This week, we got to do something totally different. Not only did we make Maine, which completed George’s travels through every state in the contiguous United States, but we got to haul flatbed for the Big Apple Circus.

We knew it was going to be different upon getting the load information. Instead of a street address, there was an intersection listed. We ended up meeting the crew at a city park that took some doing to get into. Clearly the place wasn’t built with any forethought given to big trucks. Hell, not much in Rhode Island was. Teeniest place I’ve ever been.

I was super-excited, even though clowns scare the bejesus out of me. (Clowns are terrifying and mimes are harbingers of doom.) I imagined us pulling a trailer with a huge circus scene on the side of it. I hoped fervently for a load of cotton candy machines so I could catch wafts of the delicious smell now and then. Alas, it was not to be.

We were handed paperwork for a stepdeck and told to wait.

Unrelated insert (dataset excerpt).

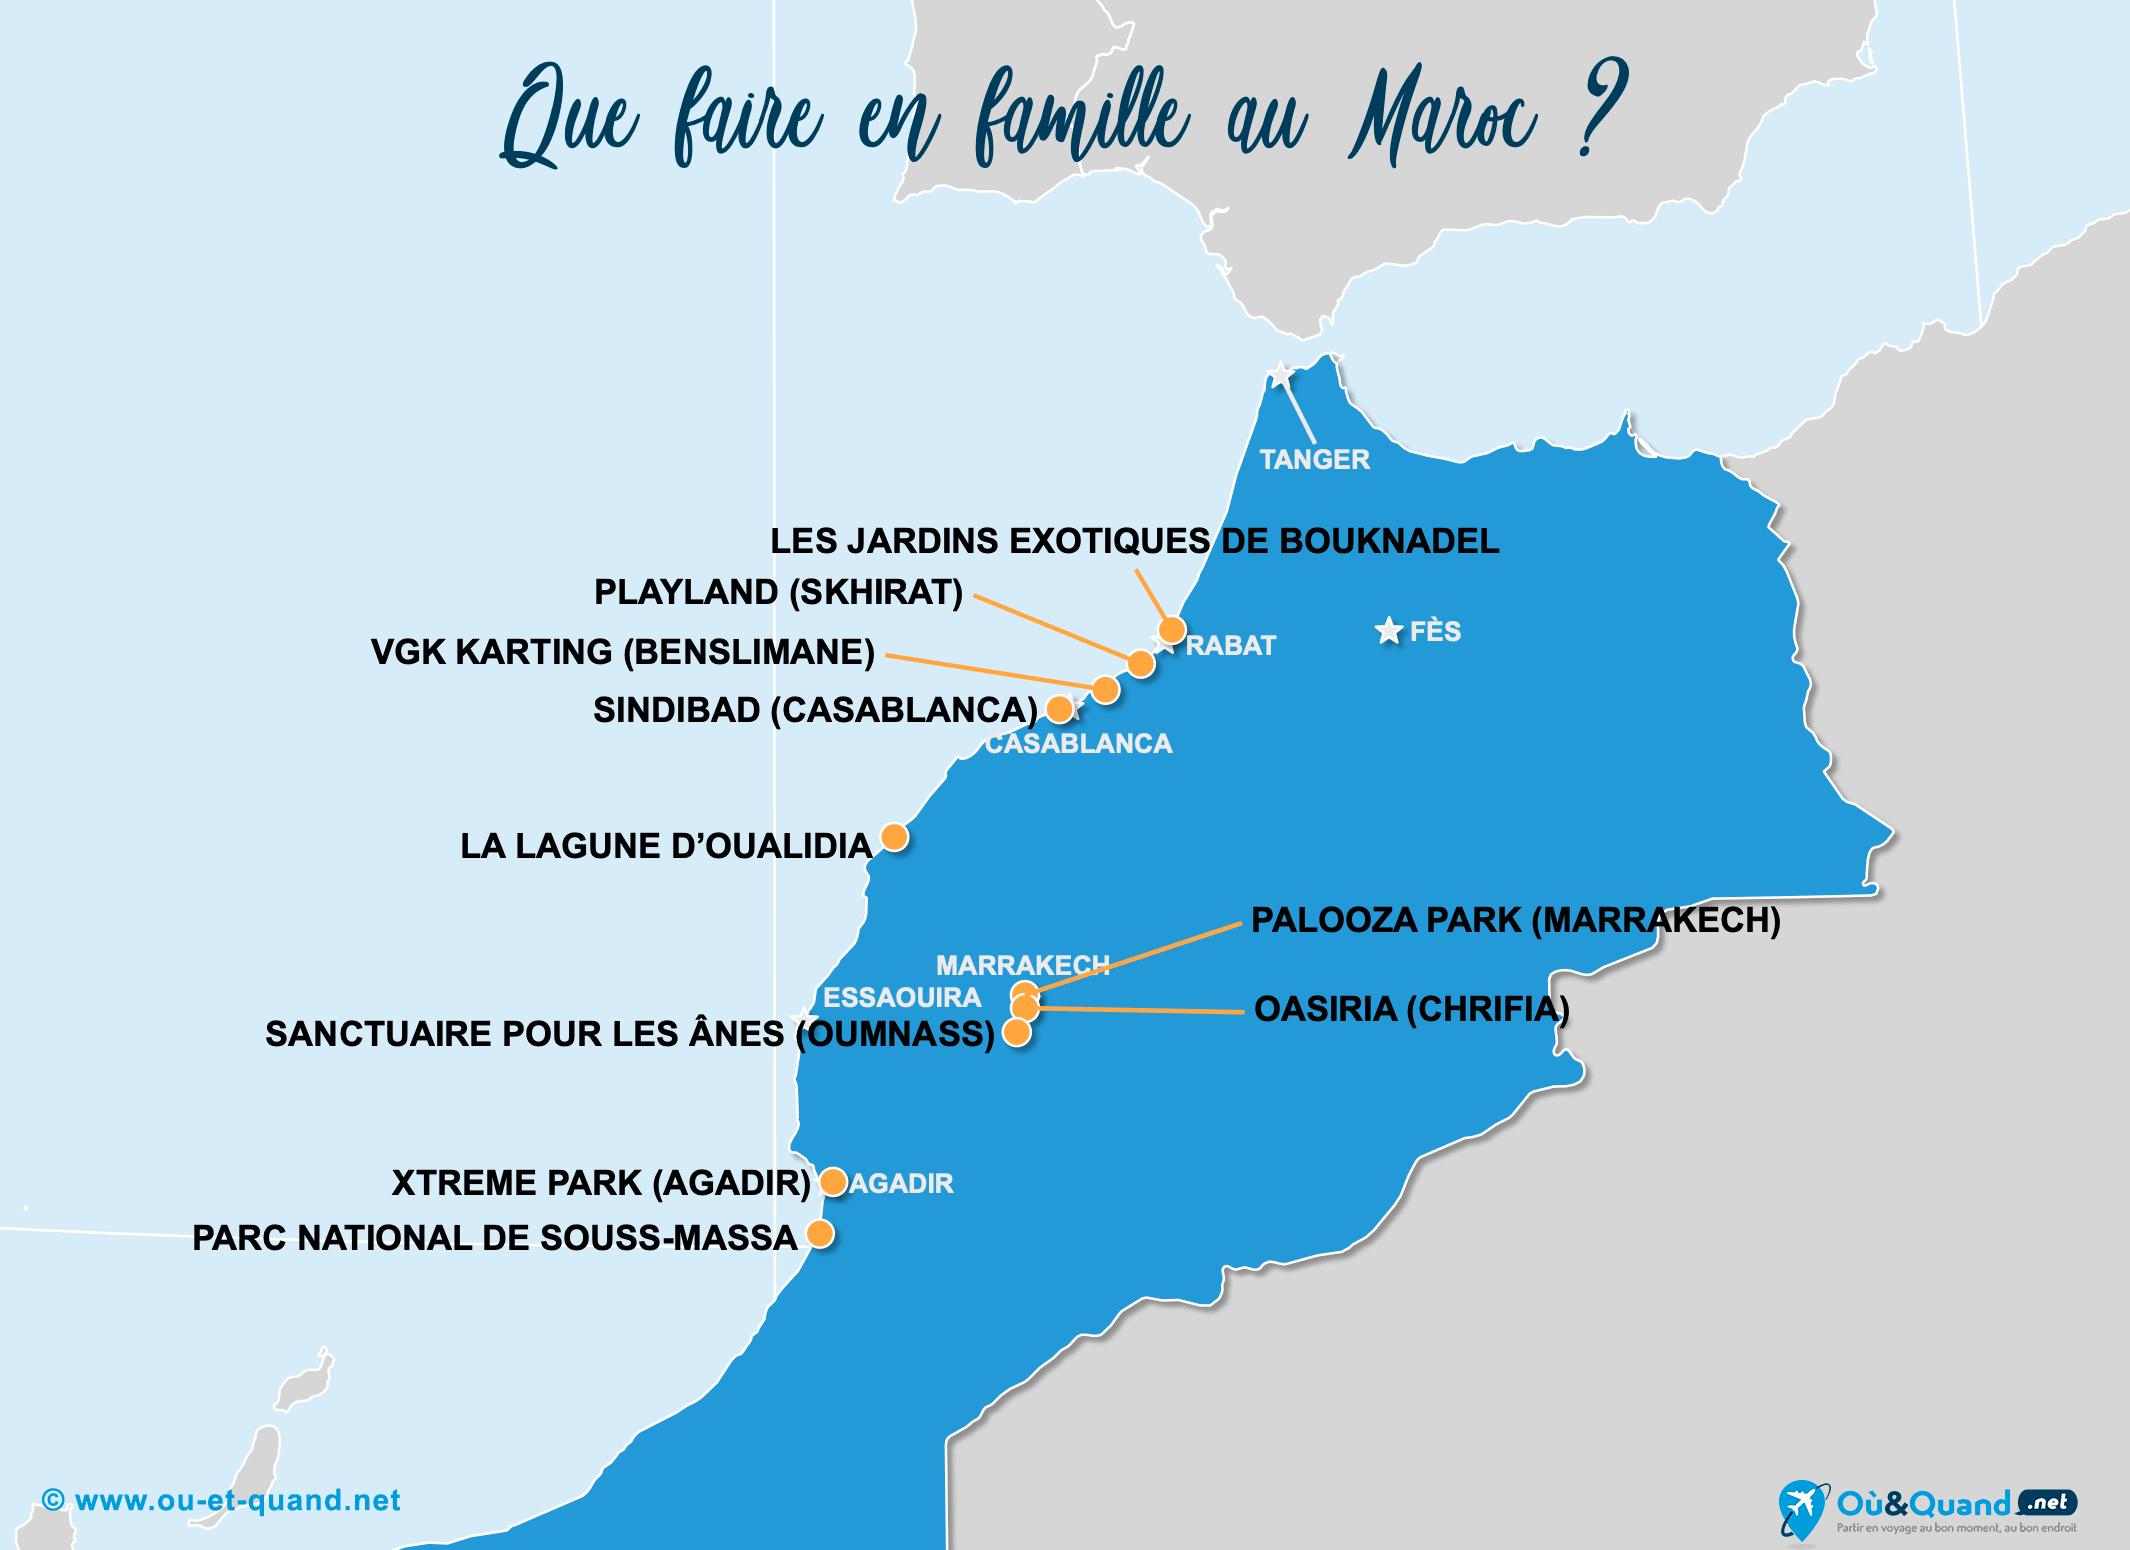 Carte Maroc : Le Maroc en famille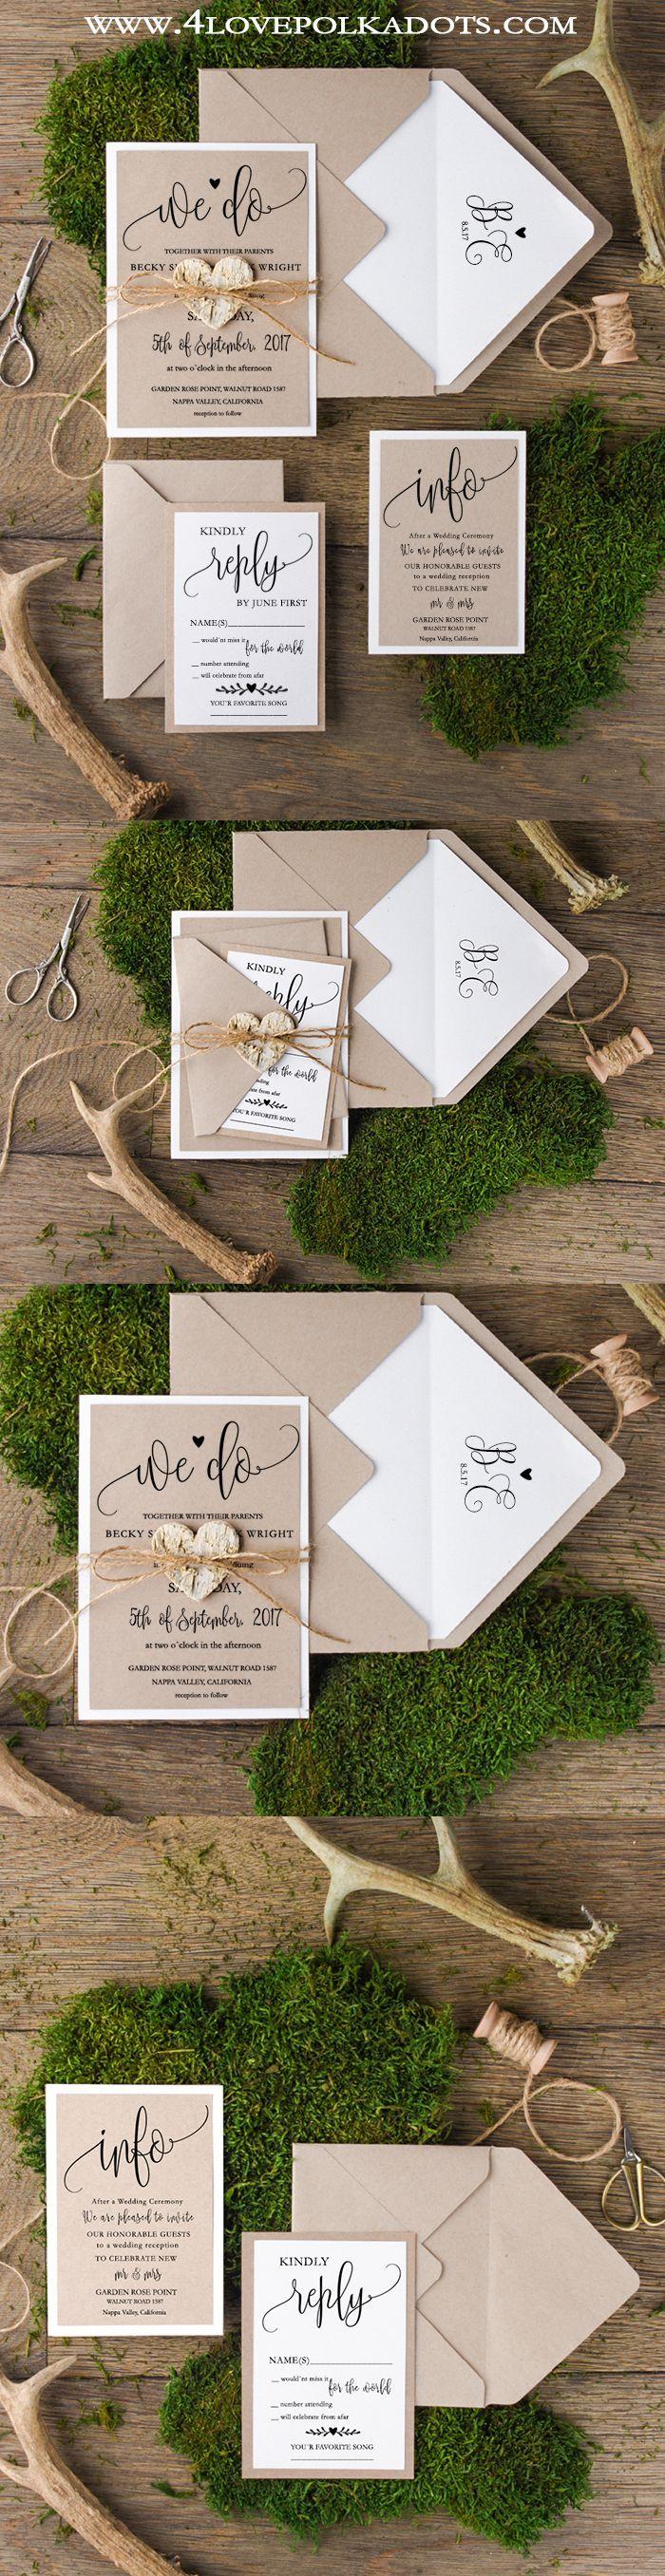 Rustic Wedding Invitaciones para boda estilo rústico/ Rustic Wedding Invitations #weddingideas #ideasparaboda

Fortunately, George has pulled flatbed before, so he wasn’t completely out of his element. (George has either driven or hauled almost every kind of heavy equipment there is — there’s not much you can throw at him that he doesn’t know how to operate or pull around.) We sat and watched the crew disassemble what was left of the tent when we got there, and we got to talk to some really nice people. We were assigned to pull the bobcat, which is what they used to do almost everything — it was the very last piece of equipment out and needed to be one of the first to arrive at the new destination, as most of the unloads were waiting for it. No pressure there.

I thoroughly enjoyed myself, and I’m pretty sure I’m almost best friends with a Chinese contortionist now, although she may have been telling me to go away and leave her alone. (Mandarin is no easy language to understand.)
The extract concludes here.